Data section
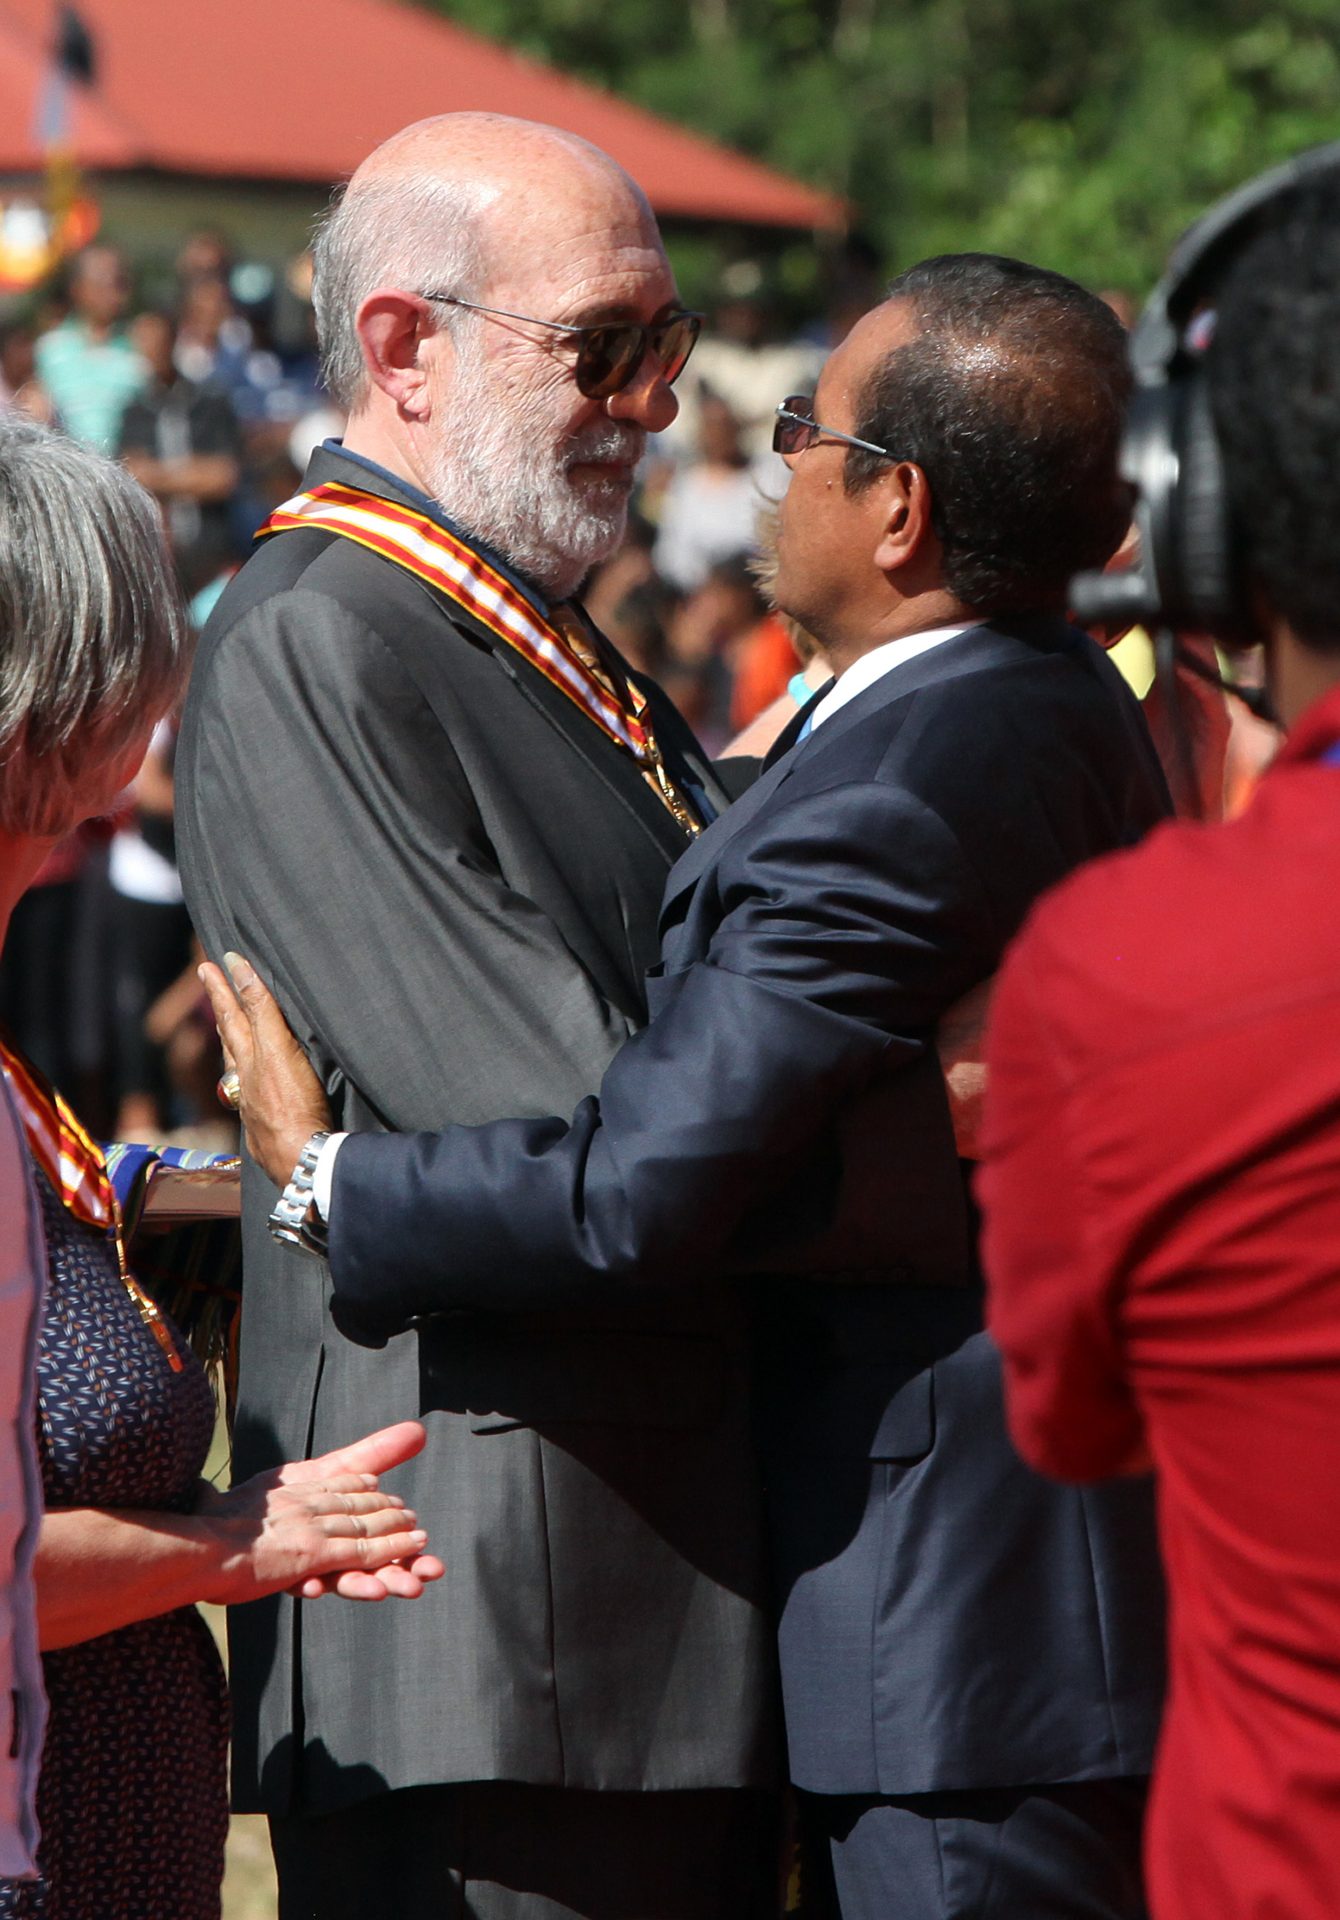 Presidente da República de Timor-Leste, Taur Matan Ruak (D), abraça Adelino Gomes (E), durante a cerimónia de condecoração de vários estrangeiros pelo seu contributo e apoio à luta de autodeterminação de Timor-Leste, durante as comemorações do 13.º aniversário da restauração da independência timorense, em Maliana, Timor-Leste, 20 de maio de 2015. ANTÓNIO SAMPAIO/LUSA
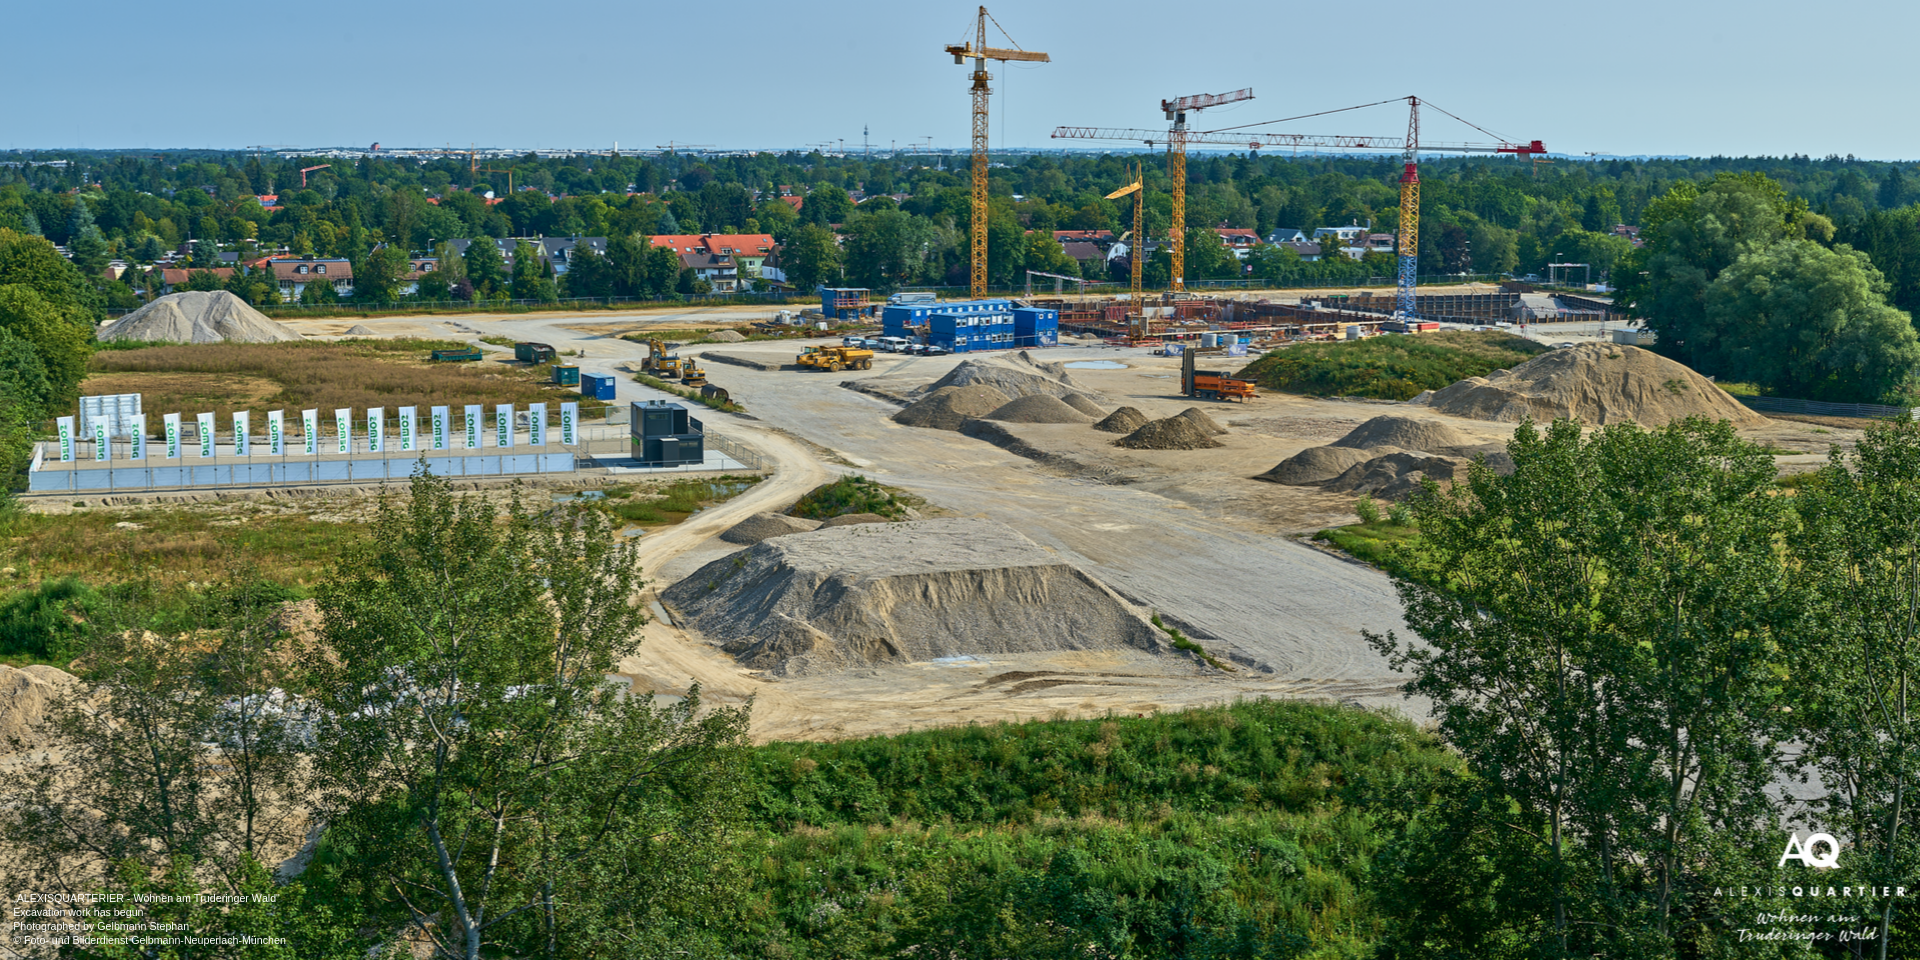 'ALEXISQUARTIER – Wohnen am Truderinger Wald' in Munich-Perlach: Excavation work has begun
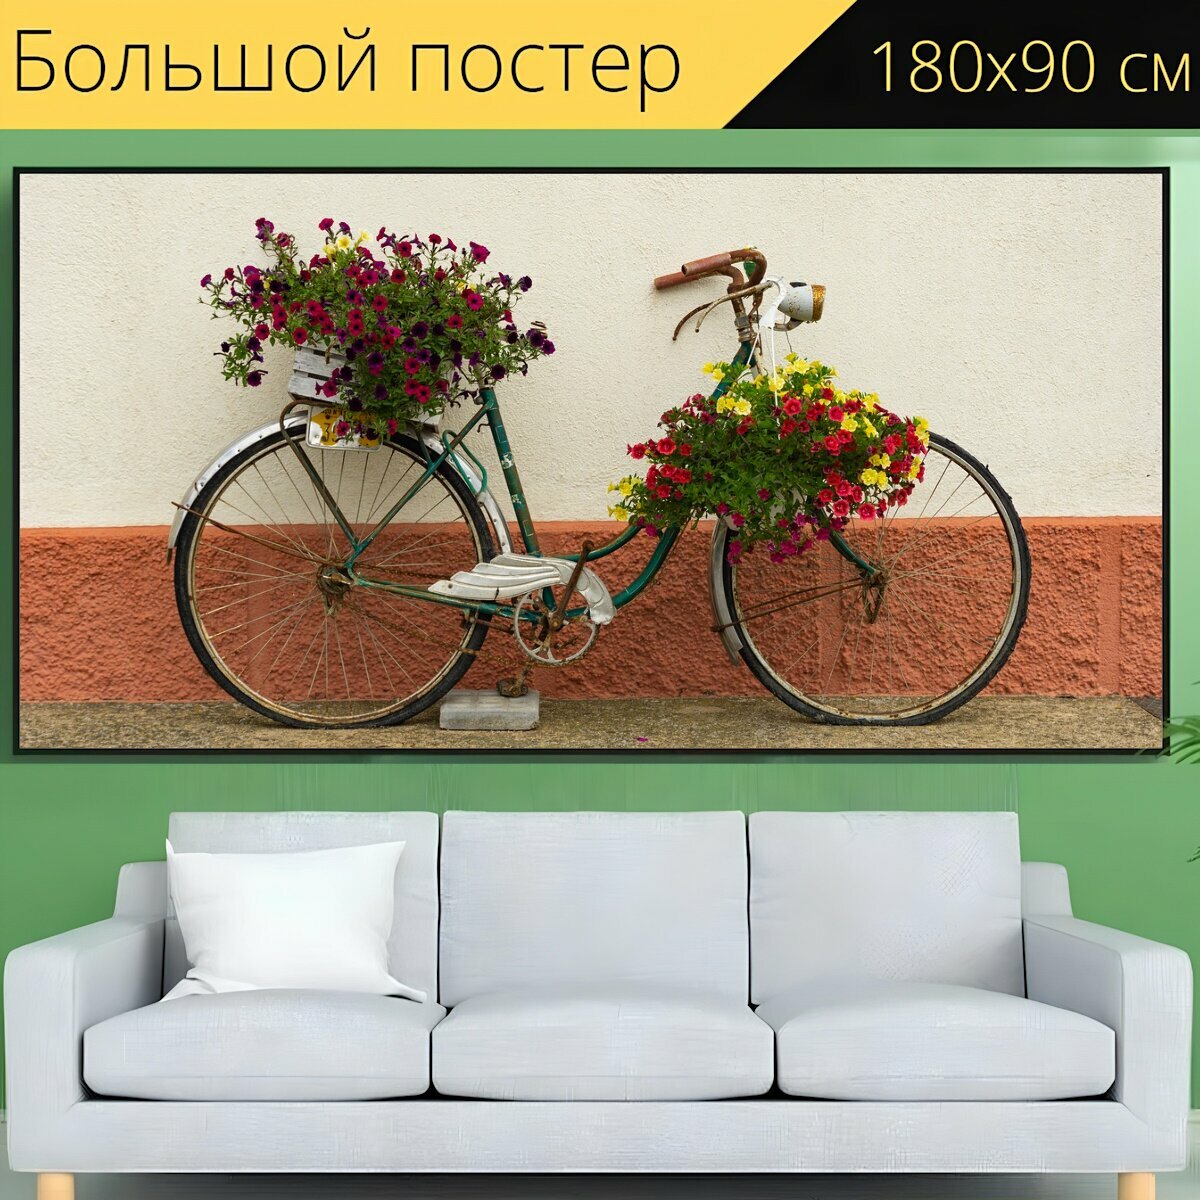 Большой постер "Велосипед, украшение, декоративный" 180 x 90 см. для интерьера

Task objective
What you give back must be exactly the lines of the listing above from the line containing "work has begun" through its last line, inclusive, without pictures, please.

Result of this exercise
 'ALEXISQUARTIER – Wohnen am Truderinger Wald' in Munich-Perlach: Excavation work has begun
 Большой постер "Велосипед, украшение, декоративный" 180 x 90 см. для интерьера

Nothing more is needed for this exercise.